Copy the data precisely, character for character, and leave out every picture.

◆ Supplied data
▽

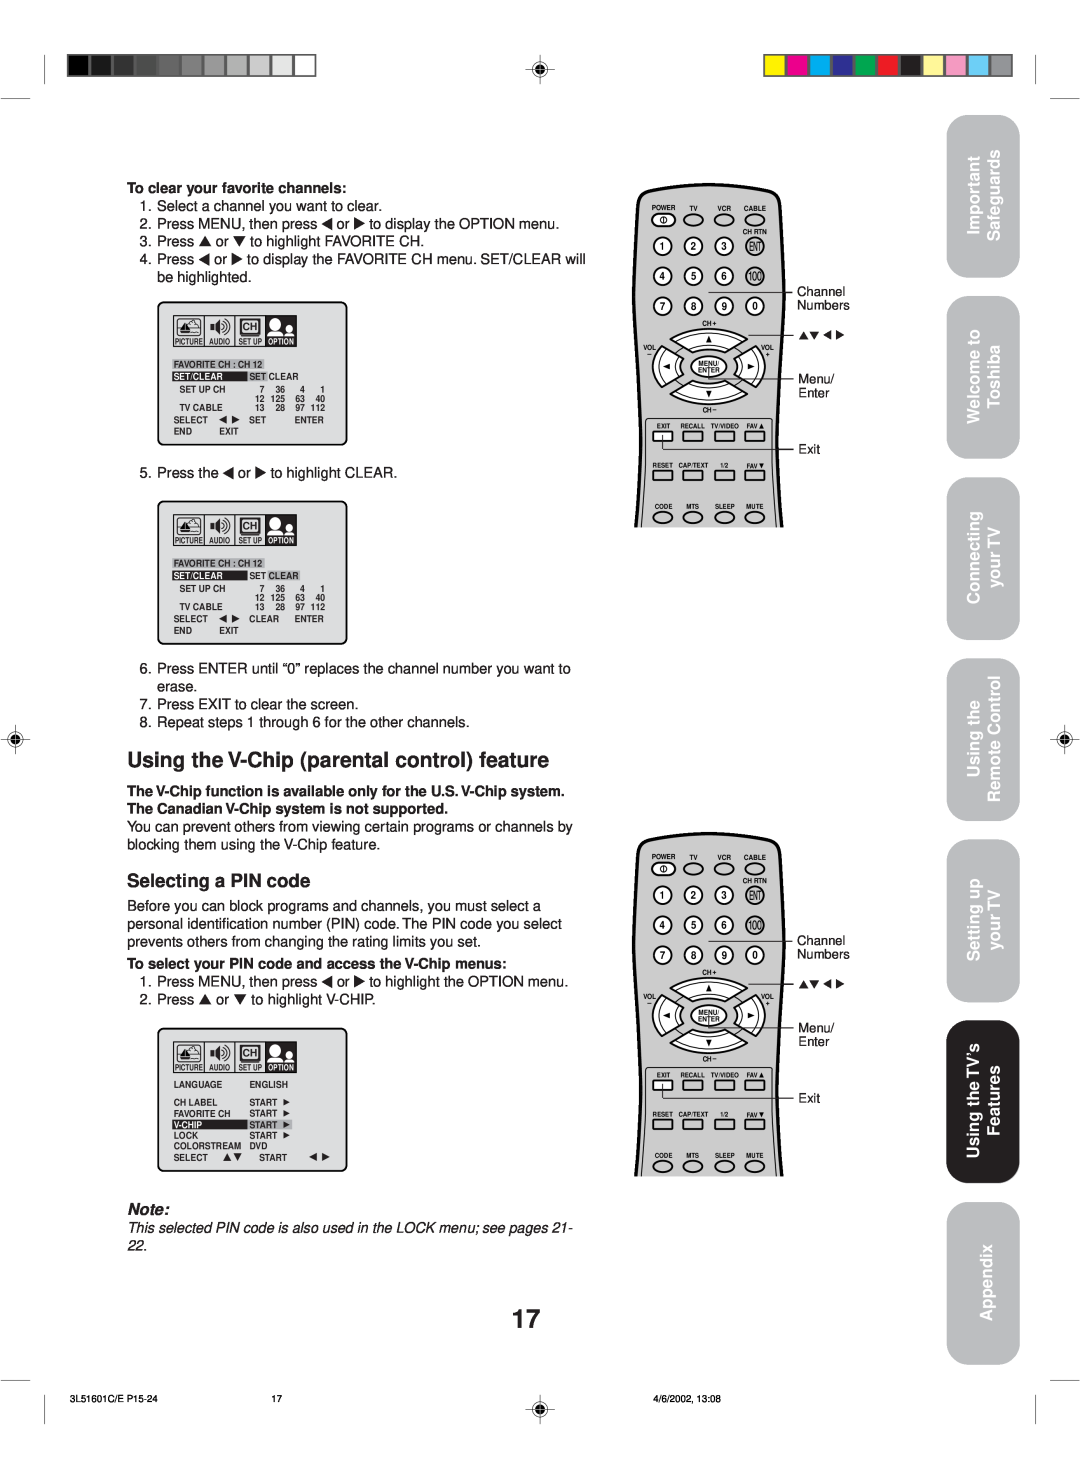 Toshiba TV 27A42 Using the V-Chip parental control feature, Selecting a PIN code, Safeguards, Setting up your TV, Appendix 
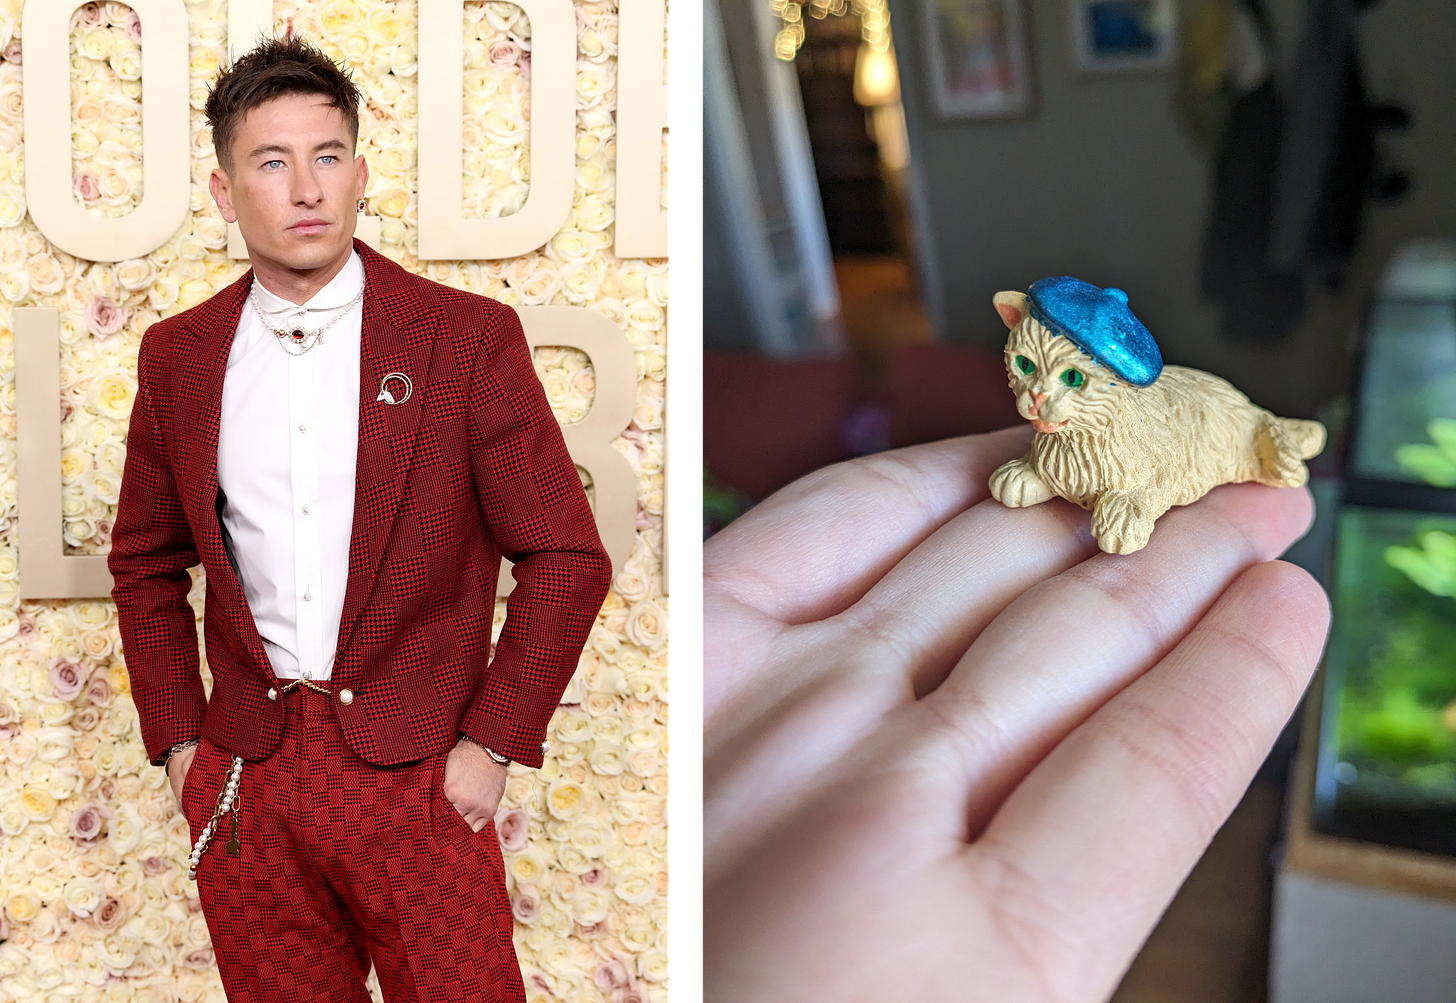 Left: Barry Keoghan in a red checked suit situation. Right: Parisian cat lounging in a metallic blue beret.
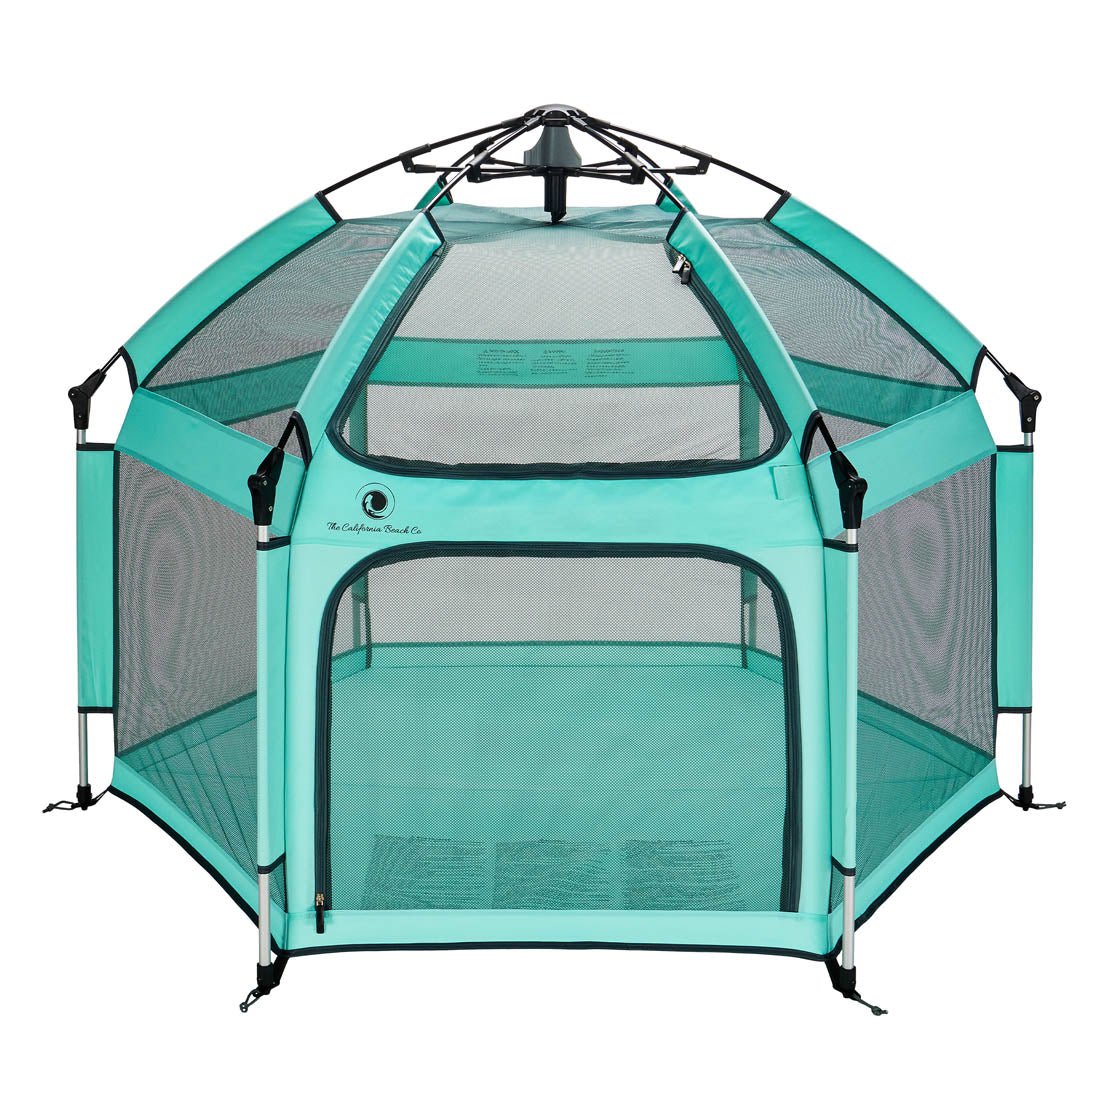 BabyBond Baby Playpen Pop-Up Dome Tent with Canopy and Mat For Outdoor Use
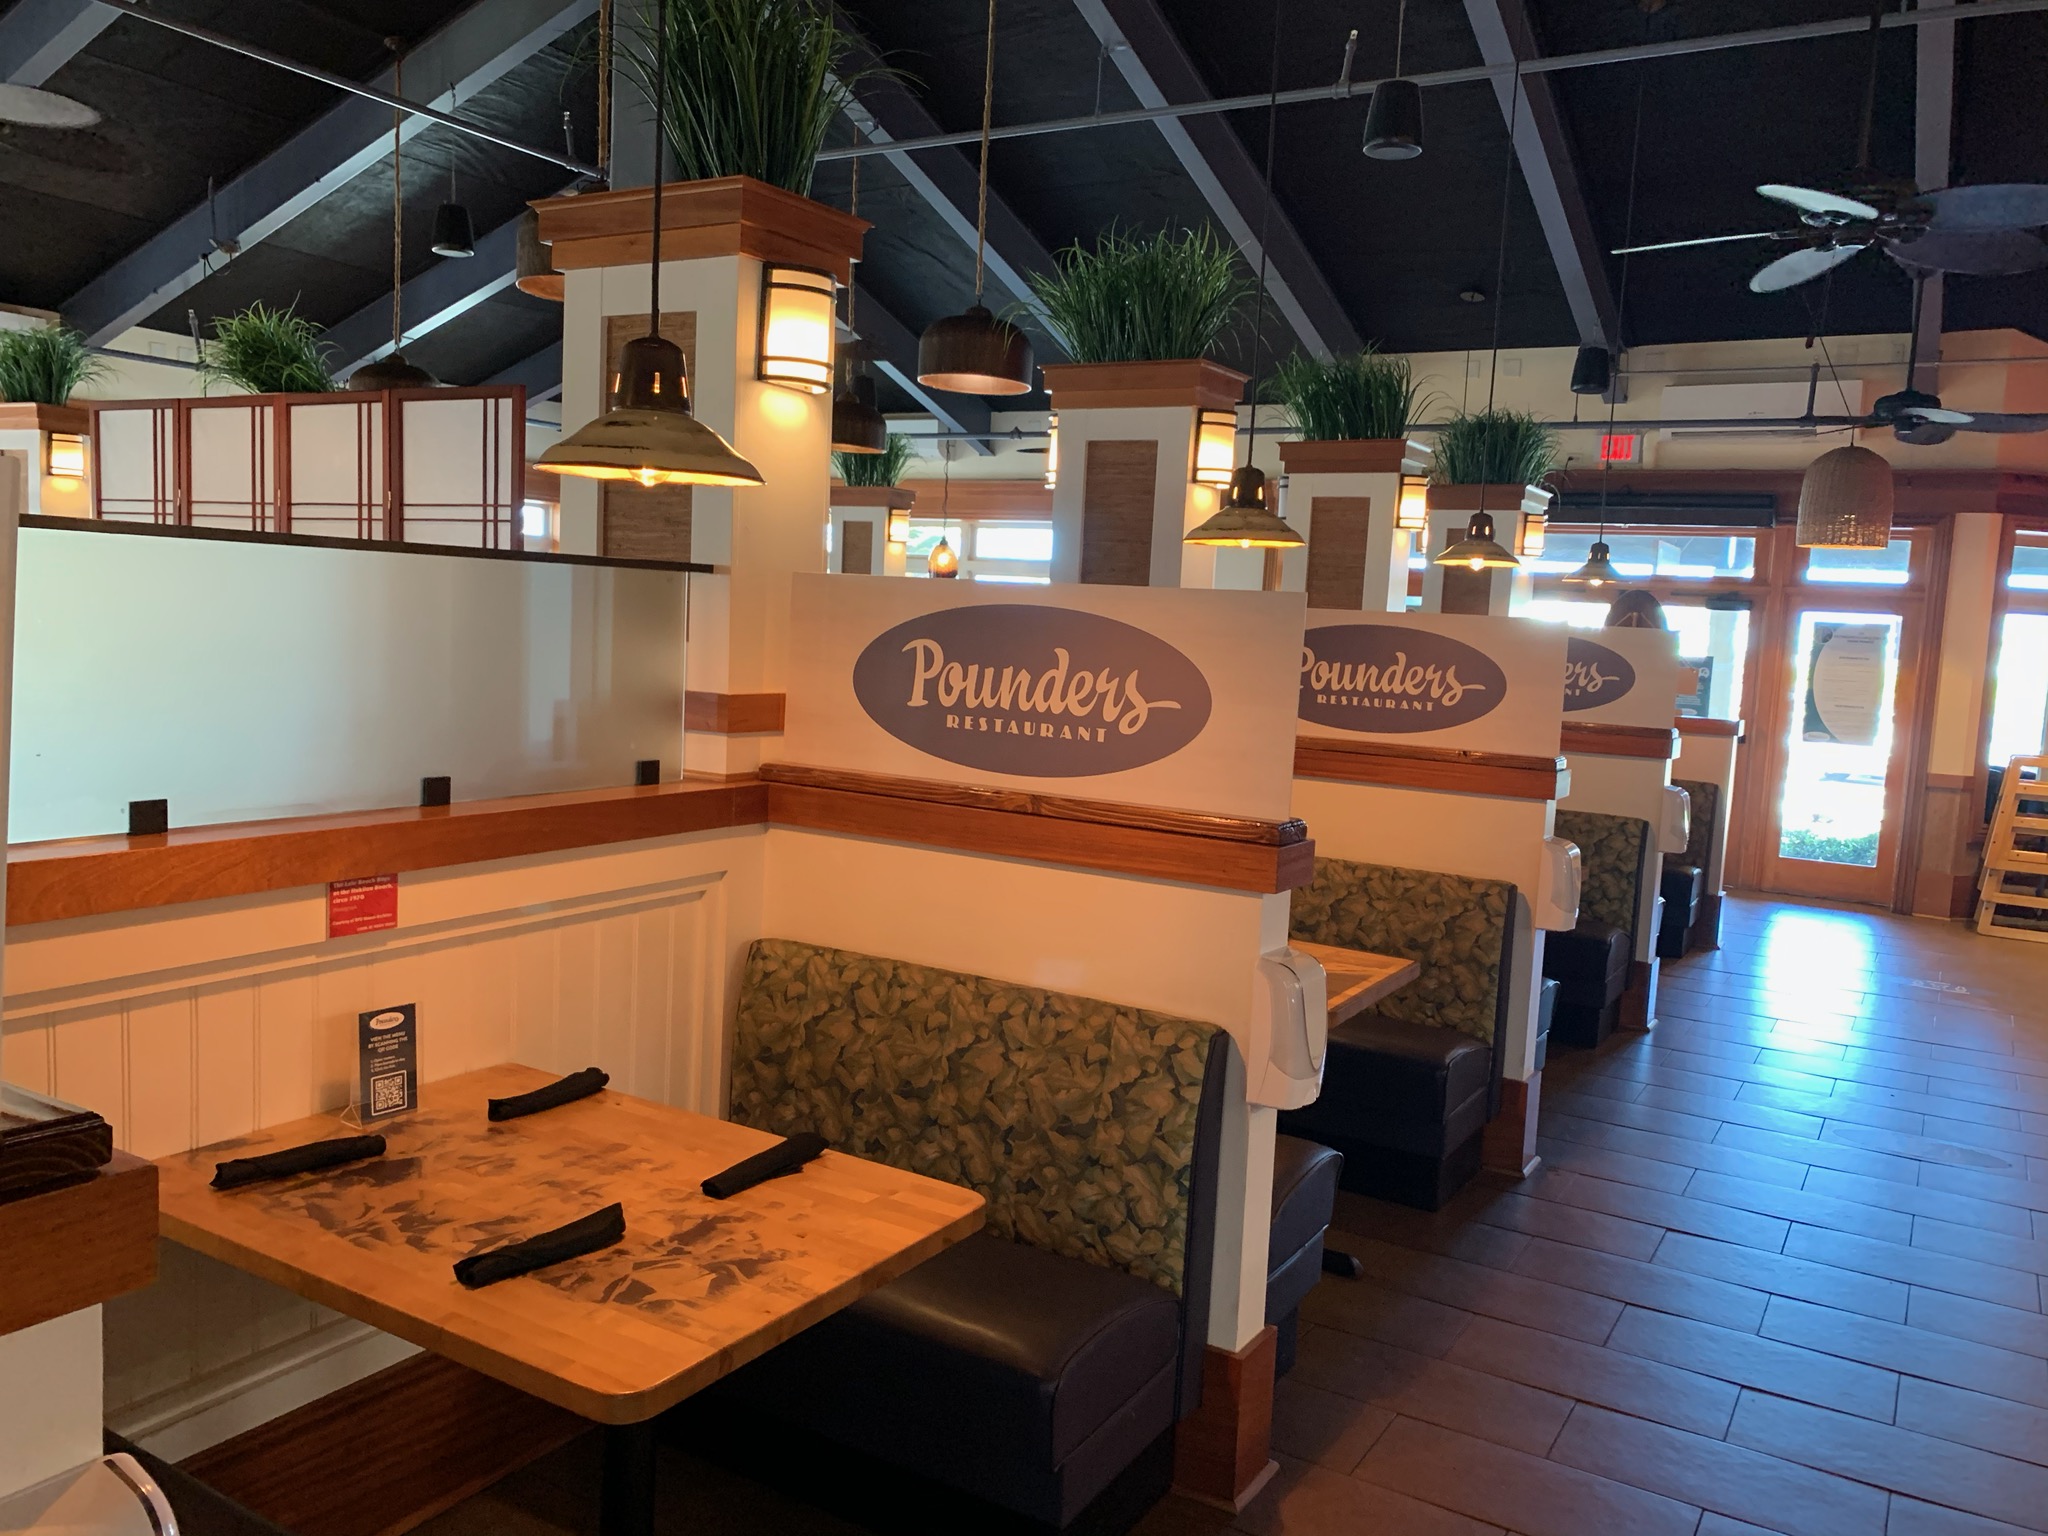 Pounders Restaurant is back open and leading the way

△

◆ Result of this task
 Toshiba TV 27A42 Using the V-Chip parental control feature, Selecting a PIN code, Safeguards, Setting up your TV, Appendix 
 Left: Barry Keoghan in a red checked suit situation. Right: Parisian cat lounging in a metallic blue beret.
 BabyBond Baby Playpen Pop-Up Dome Tent with Canopy and Mat For Outdoor Use
 Pounders Restaurant is back open and leading the way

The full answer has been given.